Equation of hyperbola in standard form :
( x - h ) ^ 2 / a ^ 2 - ( y - k ) ^ 2 / b ^ 2 = 1
x ^ 2 - 4 y ^ 2 - 4 x - 8 y = 36
x ^ 2 - 4 x - 4 y ^ 2 - 8 y = 36
( x ^ 2 - 4 x ) - 4 ( y ^ 2 + 2 y ) = 36
The process involves completing the square separately for the x and y variables.

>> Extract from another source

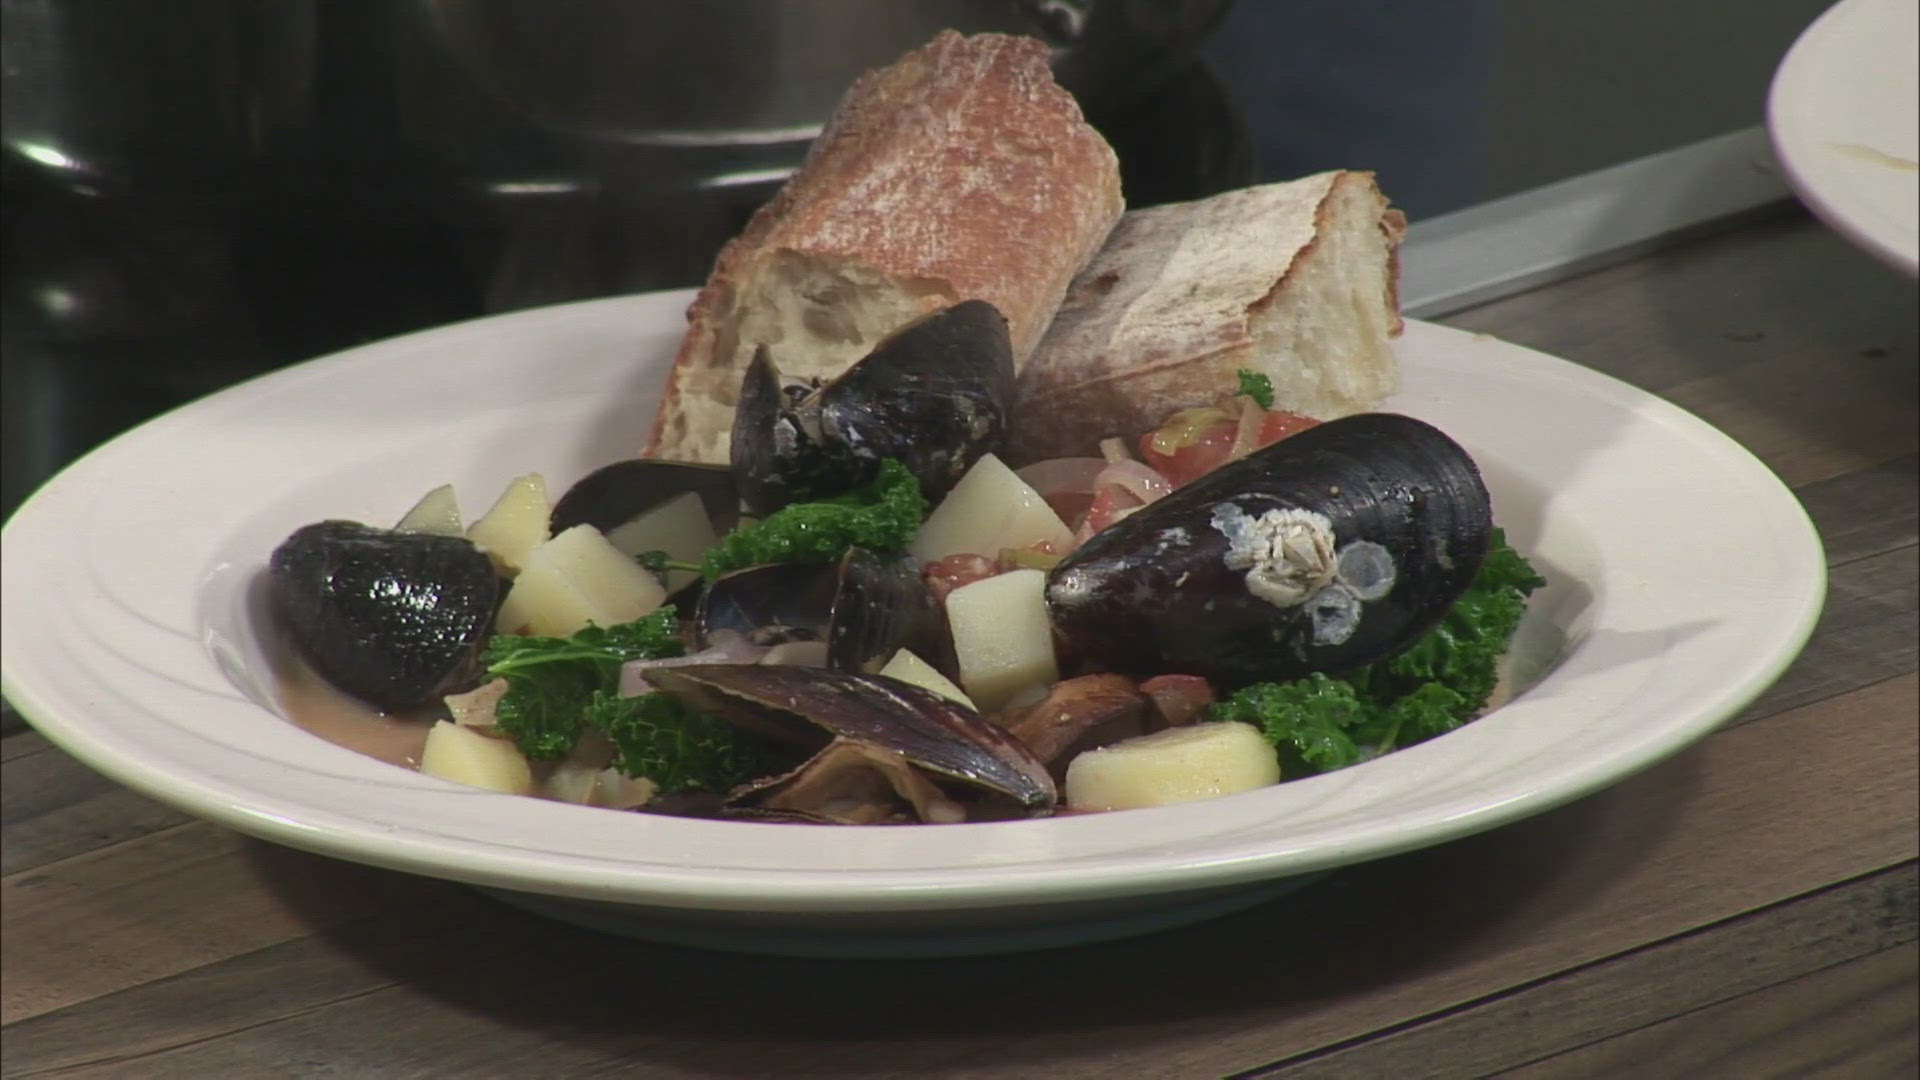 Chef David Turin shares his recipe for haddock and mussels.

____________________________________
( x - 2 ) ^ 2 = x ^ 2 - 2 * x * 2 + 2 ^ 2
( x - 2 ) ^ 2 = x ^ 2 - 4 x + 4 Subtract 4 to both sides
( x - 2 ) ^ 2 - 4 = x ^ 2 - 4 x + 4 - 4
( x - 2 ) ^ 2 - 4 = x ^ 2 - 4 x
x ^ 2 - 4 x = ( x - 2 ) ^ 2 - 4
( y + 1 ) ^ 2 = y ^ 2 + 2 * y * 1 + 1 ^ 2
( y + 1 ) ^ 2 = y ^ 2 + 2 y + 1 Subtract 1 to both sides
( y + 1 ) ^ 2 - 1 = y ^ 2 + 2 y + 1 - 1
( y + 1 ) ^ 2 - 1 = y ^ 2 + 2 y
y ^ 2 + 2 y = ( y + 1 ) ^ 2 - 1
- 4 * ( y ^ 2 + 2 y ) = - 4 * [ ( y + 1 ) ^ 2 - 1 ]

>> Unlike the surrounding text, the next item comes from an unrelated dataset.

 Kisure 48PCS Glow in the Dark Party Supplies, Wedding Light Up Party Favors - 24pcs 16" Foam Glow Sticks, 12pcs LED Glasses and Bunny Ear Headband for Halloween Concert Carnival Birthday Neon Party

- 4 * ( y ^ 2 + 2 y ) = - 4 ( y + 1 ) ^ 2 + 4
__________________________
x ^ 2 - 4 x - 4 y ^ 2 - 8 y = 36
x ^ 2 - 4 x - 4 ( y ^ 2 + 2 y ) = 36
( x ^ 2 - 4 x ) - 4 ( y ^ 2 + 2 y ) = 36
( x - 2 ) ^ 2 - 4 - 4 ( y + 1 ) ^ 2 + 4 = 36
( x - 2 ) ^ 2 - 4 ( y + 1 ) ^ 2 = 36 Divide both sides by 36
( x - 2 ) ^ 2 / 36 - 4 ( y + 1 ) ^ 2 / 36 = 1
( x - 2 ) ^ 2 / 36 - 4 ( y + 1 ) ^ 2 / ( 4 * 9 ) = 1
( x - 2 ) ^ 2 / 36 - ( y + 1 ) ^ 2 / 9 = 1
To write the equation x^2 - 4y^2 - 4x - 8y = 36 in standard form, you need to rearrange the equation so that the x and y terms are grouped separately and the constant term is on the other side of the equation. The standard form of an equation is Ax^2 + By^2 + Cx + Dy + E = 0, where A, B, C, D, and E are constants.

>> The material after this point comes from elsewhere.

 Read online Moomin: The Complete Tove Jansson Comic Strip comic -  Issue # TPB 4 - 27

Here's a step-by-step process to convert the given equation into standard form:
1. Begin by moving the constant term (36) to the other side of the equation:
x^2 - 4y^2 - 4x - 8y - 36 = 0
2. Next, rearrange the x and y terms by grouping them separately:
(x^2 - 4x) - (4y^2 + 8y) - 36 = 0
3. Complete the square for the x and y terms individually:
For the x terms:
- Take half of the coefficient of x, which is -4, and square it: (-4/2)^2 = 4
- Add this value to both sides of the equation: (x^2 - 4x + 4) - (4y^2 + 8y) - 36 + 4 = 0
- Rewrite the x terms as a perfect square: (x - 2)^2 - (4y^2 + 8y) - 32 = 0
For the y terms:
- Take half of the coefficient of y, which is -8, and square it: (-8/2)^2 = 16
- Add this value to both sides of the equation: (x - 2)^2 - (4y^2 + 8y + 16) - 32 + 16 = 0
- Rewrite the y terms as a perfect square: (x - 2)^2 - 4(y + 2)^2 - 16 = 0
4. Finally, simplify and rewrite the equation in standard form:
(x - 2)^2 - 4(y + 2)^2 - 48 = 0
The equation x^2 - 4y^2 - 4x - 8y = 36 can be written in standard form as (x - 2)^2 - 4(y + 2)^2 - 48 = 0.